The process of aging results in progressive impairment of functional components and alteration of nonlinear coupling amongst them, which in turn impairs the ability of these control mechanisms to maintain a high level of complexity (Lipsitz & Goldberger, 1992). Due to these effects, the physiological functions no longer show multitudes of variations but slowly settle down to a more regular nature. This results in reduced nonlinear heart rate fluctuations (Beckers, Verheyden & Aubert, 2006) and a progressive loss of complexity in RR interval variability from middle age to old age (Pikkujämsä et al., 1999). This has motivated researchers to employ complexity measures (such as approximate entropy, Lempel–Ziv complexity and other informationtheoretic and complexity measures) to study cardiac aging, as such measures are known to aid the detection of the regularity inherent in the cardiac time series.

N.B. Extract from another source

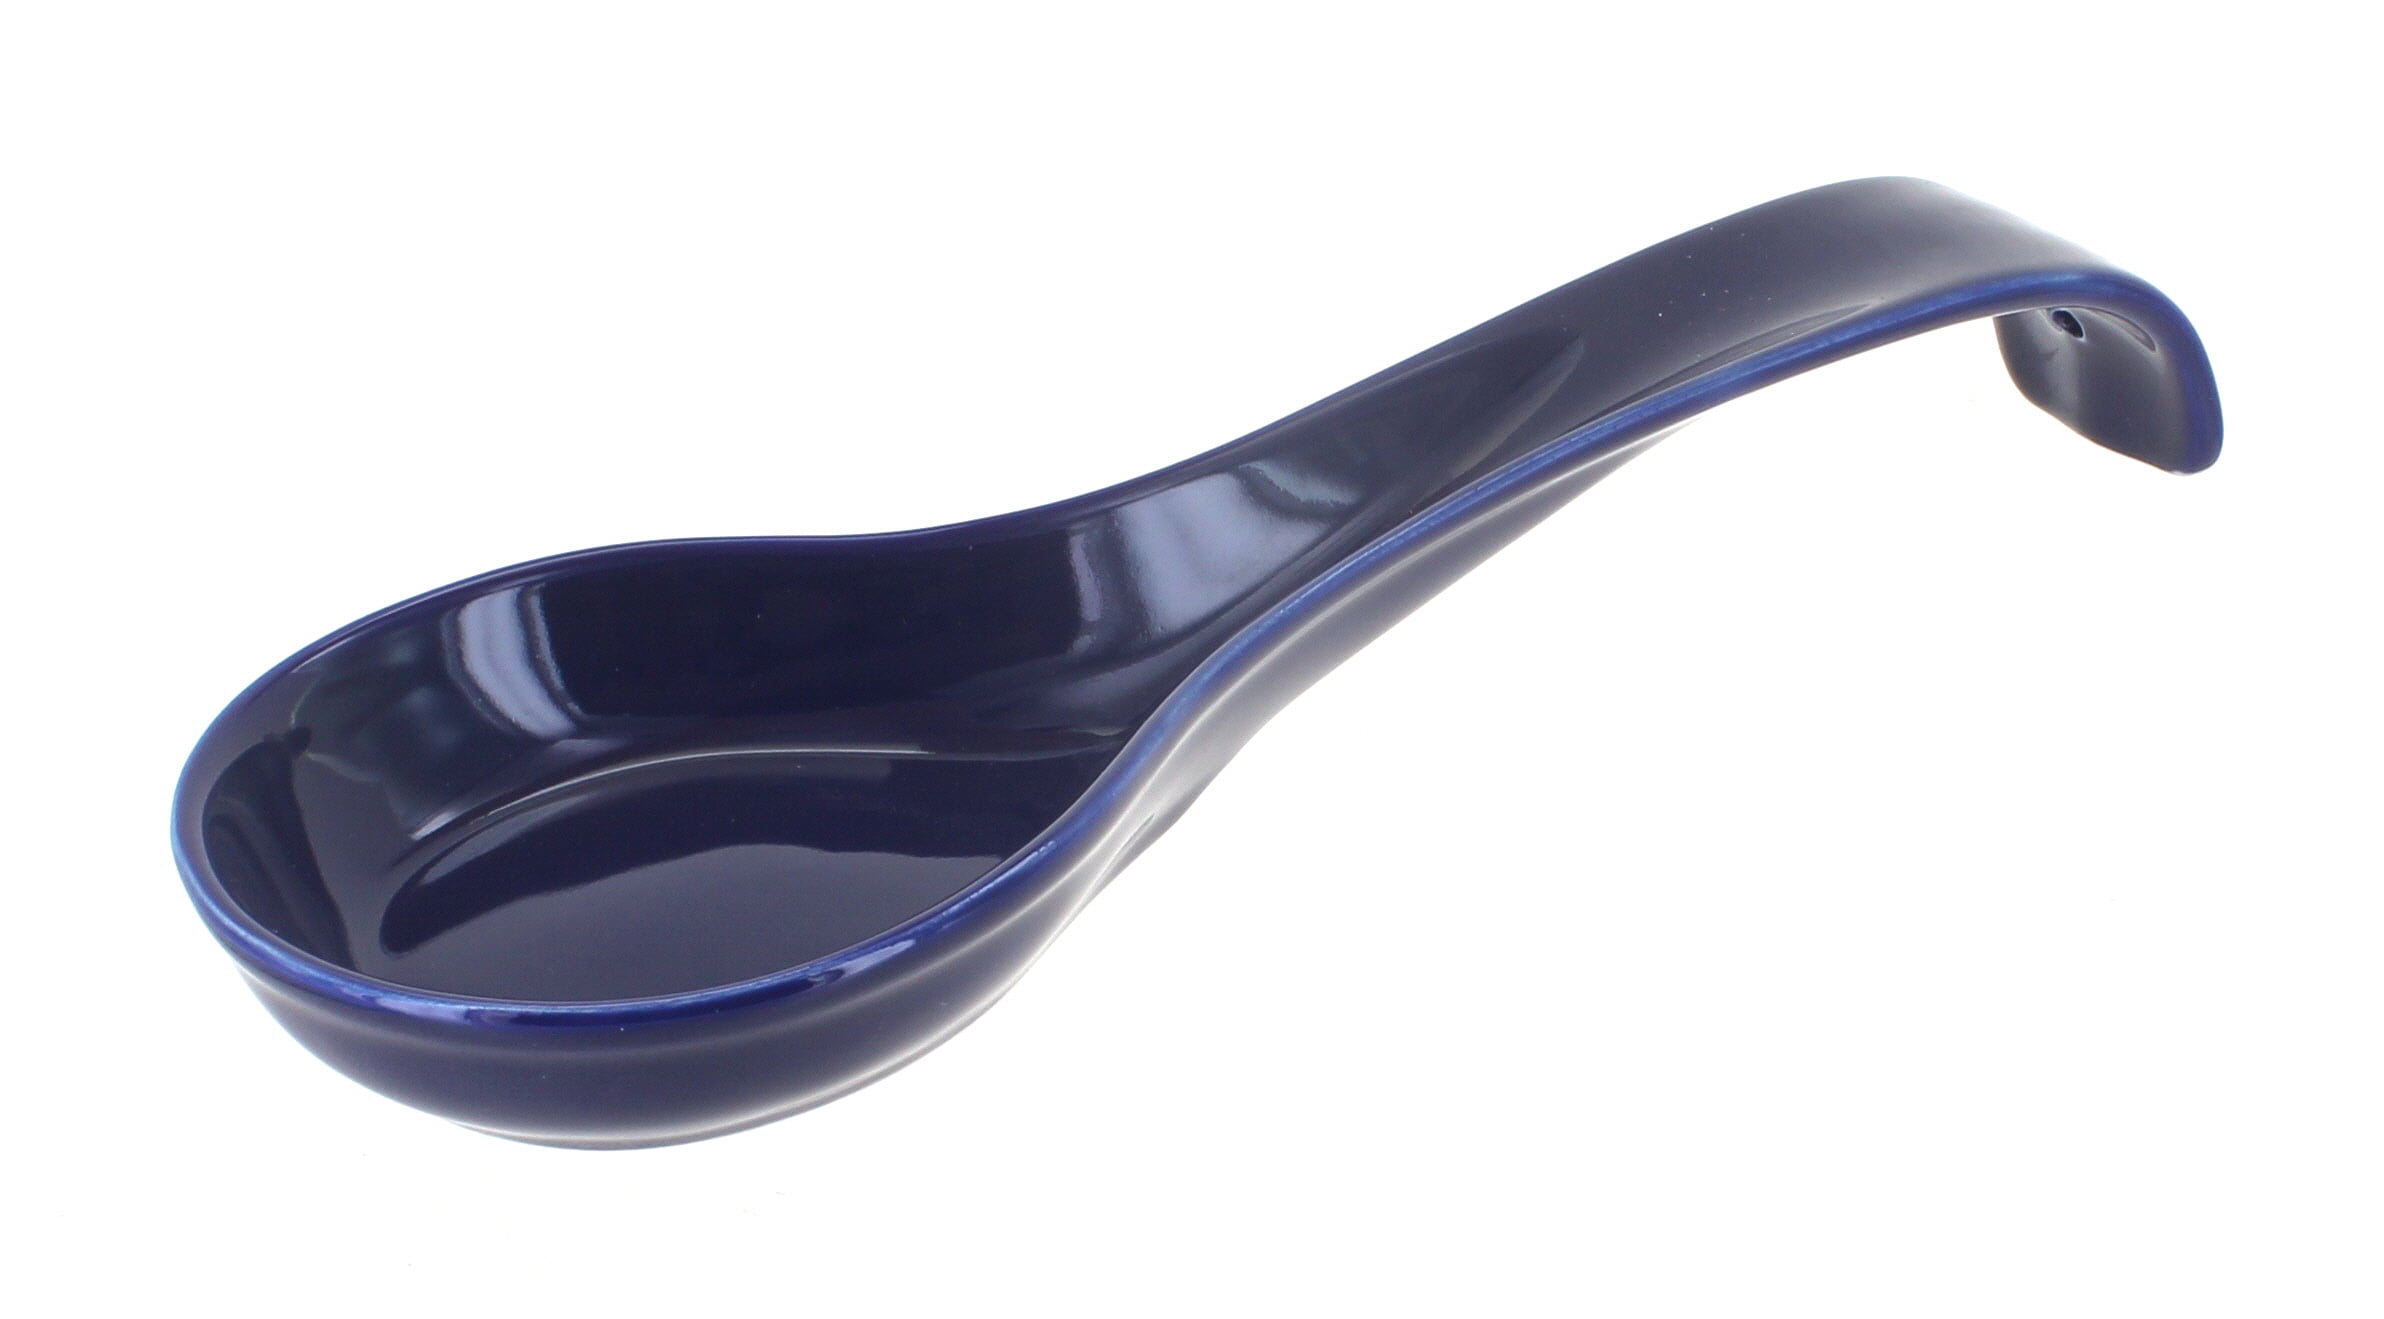 Ceramic Spoon Rest With Blue Cow 5 Long and 3 1/2 Wide at Top

In order to capture this reduction in complexity of cardiovascular dynamics, researchers have employed a variety of techniques such as approximate entropy (Kaplan et al., 1991), fractal measures (Glenny et al., 1991; Iyengar et al., 1996), multivariate embedding methods (Porta et al., 2014), bandlimited transfer entropy (Nemati et al., 2013), multifractality and wavelet analysis (Humeau et al., 2008). Most of these algorithms require a minimum amount of data to yield meaningful results and at the same time require that the data be stationary. For physiological data, this may be contradictory as, longer the data set, the more the transitions between different regulatory states, thus giving rise to nonstationarities. Also, longer measurement data may not be practically available (or reliable) for a number of reasons. Furthermore, long data sets are not able to track fast changes in the respective regulations (TF of the European Society of Cardiology, 1996). For HRV analysis, the Task Force of the European Society of Cardiology and the North American Society of Pacing Electrophysiology (TF of the European Society of Cardiology, 1996) recommends using only shortterm ECG recordings. Hence it is imperative that we use short data lengths for analysis purposes.

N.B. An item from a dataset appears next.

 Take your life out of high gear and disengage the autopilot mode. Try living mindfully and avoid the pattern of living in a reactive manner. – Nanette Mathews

Theoretically speaking, use of short data sequences should not pose any problem since heart beat variability time series possess a fractal nature that will enable us to fully characterize the structure with only a limited number of data points. But when it comes to practical implementation, it is difficult since most algorithms require minimum amount of data to effectively analyze and produce acceptable results. For example, information theoretic measures based on Shannon entropy utilize the probability of occurrence of data points which makes it practical only when dealing with huge length of data (Ebeling, Steuer & Titchener, 2001).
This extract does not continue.